Regulation Z of the Truth in Lending Act prohibits a lender from issuing a higher-priced mortgage loan without examining the potential borrower’s ability to repay the loan. The CFPB’s final rule implements provisions from the Dodd-Frank Act that require creditors to make “a reasonable, good faith” determination of a borrower’s ability to repay their financial obligations.
“We have already started to see a consolidation in this market as participants, including banks and other mortgage loan originators, pull back from offering their products and services,” Hensarling said. “As the Financial Services Committee examines this and other mortgage rules, we will look to see how they will impact a community financial institution’s ability to compete and offer sustainable, affordable mortgages, or whether they will cause a further consolidation toward our nation’s perceived ‘too big to fail’ banks.
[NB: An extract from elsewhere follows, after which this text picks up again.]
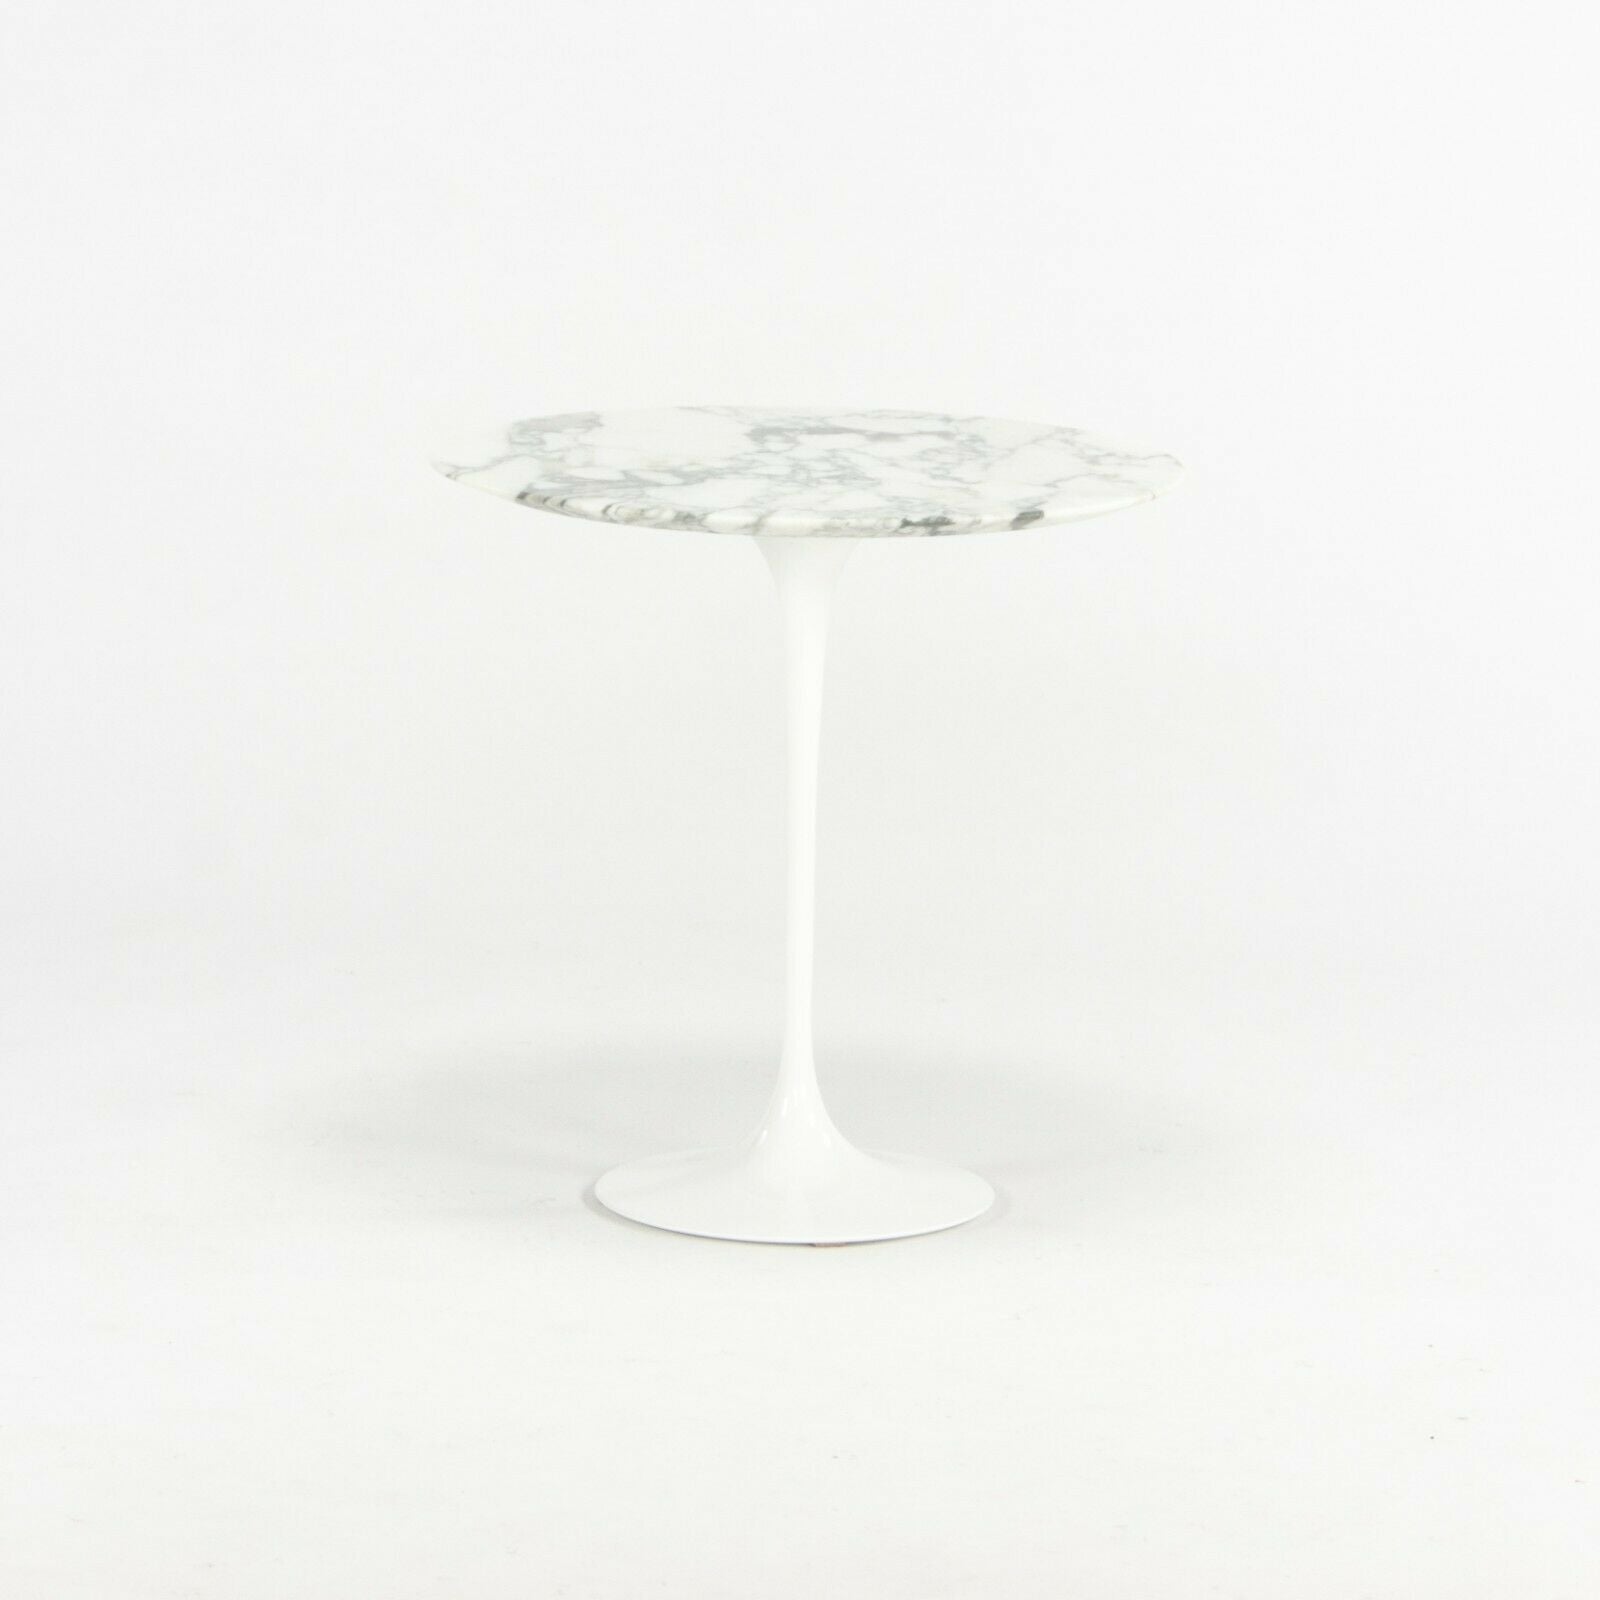 SOLD 2019 Eero Saarinen for Knoll Tulip 20 inch Round Side Table in Satin Arabescato

We will also examine the extent to which these rules impact a qualified consumer’s ability to access credit, particularly for consumers in small and rural markets.”
Additionally, Hensarling was critical of the CFPB and its “unchecked” powers granted by Dodd-Frank.
“The CFPB has been given a job that is both impossible and dangerous,” Hensarling said. “Impossible because the CFPB is a big government bureaucracy in Washington attempting to determine which mortgages are appropriate for 100 million Americans, each of whom have their own personal circumstances that the CFPB knows nothing about. Dangerous because the CFPB has been given vast, unprecedented and unchecked power, all delegated to a single director whose alleged recess appointment by the President is legally questionable. Rather than bringing greater certainty to the marketplace, every decision made by the CFPB will therefore be under a cloud. All could be overturned because the CFPB director’s appointment is possibly unconstitutional, unlawful or both.”